The sum of one-half, one-third and one-fourth of a positive number is greater than the number itself by 22. What is the value of this number?

Introduction / Context:
This problem involves forming and solving a linear equation using fractions of an unknown number. Such questions are standard in aptitude tests to check whether a learner can translate a verbal description involving fractions into an algebraic equation, and then solve it correctly. Here, three fractional parts of a number are added, and the result is said to exceed the original number by a fixed amount. Our goal is to find that number using basic algebra and fraction operations.

Given Data / Assumptions:

• Let the unknown positive number be represented by N.
• One-half of the number is N/2.
• One-third of the number is N/3.
• One-fourth of the number is N/4.
• The sum of these three fractional parts exceeds the original number N by 22.

Concept / Approach:
We convert the English statement into an equation. The phrase "sum of one-half, one-third and one-fourth of a number exceeds the number by 22" can be written as N/2 + N/3 + N/4 = N + 22. Then we simplify by finding a common denominator for the fractions and reducing the equation to a simple linear equation in N. Finally, we solve for N and verify that the result matches one of the provided options.

Step-by-Step Solution:
Step 1: Let the number be N. Step 2: Translate the condition into an equation: N/2 + N/3 + N/4 = N + 22. Step 3: Find the least common denominator of 2, 3 and 4, which is 12. Step 4: Express each term with denominator 12: N/2 = 6N/12, N/3 = 4N/12, and N/4 = 3N/12. Step 5: Add the fractions: N/2 + N/3 + N/4 = (6N + 4N + 3N) / 12 = 13N/12. Step 6: The equation becomes 13N/12 = N + 22. Step 7: Multiply both sides by 12 to clear the denominator: 13N = 12N + 264. Step 8: Subtract 12N from both sides: N = 264. Step 9: Therefore, the required number is 264.

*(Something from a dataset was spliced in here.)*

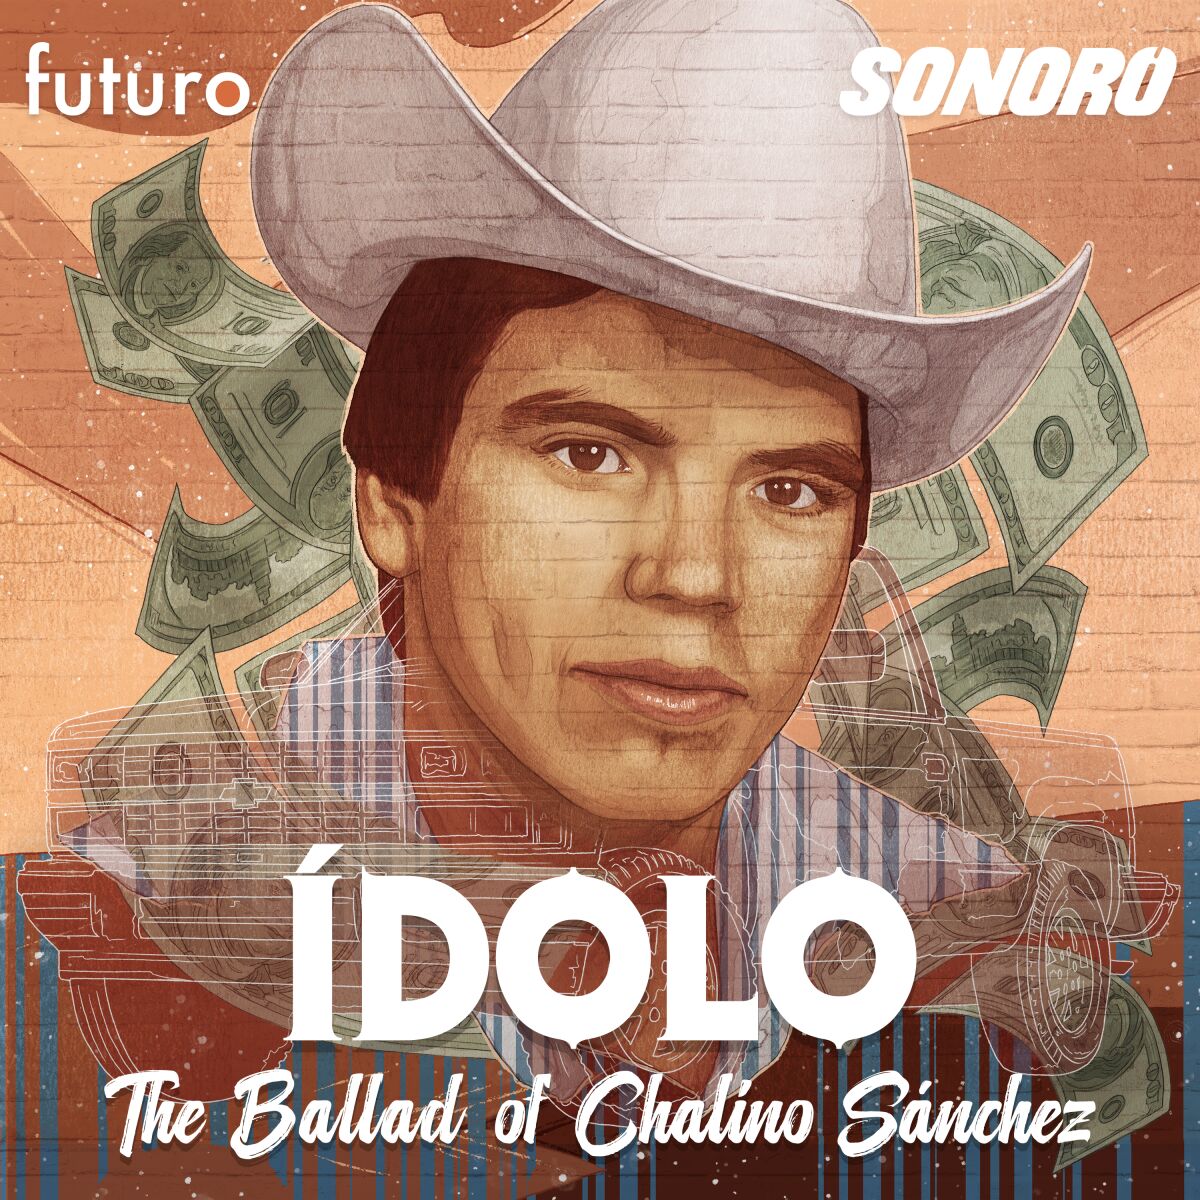 Artwork for podcast "Idolo: The Ballad of Chalino Sanchez" shows a man in a white cowboy hat with money floating behind him.

Verification / Alternative check:
To verify, substitute N = 264 back into the original statement. One-half of 264 is 132, one-third is 88, and one-fourth is 66. Their sum is 132 + 88 + 66 = 286. The original number is 264, and 286 minus 264 equals 22. This matches the given condition that the sum exceeds the number by 22, so N = 264 is correct.

Why Other Options Are Wrong:
Option (b) 284: Fractions would sum to a value that does not exceed 284 by exactly 22.
Option (c) 215: The difference between the sum of fractions and 215 is not 22.
Option (d) 302: Again, the resulting difference is not exactly 22, so it does not satisfy the condition.

Common Pitfalls:
Learners sometimes misinterpret the phrase "exceeds the number by 22" and set up the equation with 22 on the wrong side or with the wrong sign. Others add the fractions incorrectly by not using a common denominator or by making arithmetic errors in the numerator. Writing and simplifying the equation carefully helps avoid these mistakes.

Final Answer:
The value of the number is 264.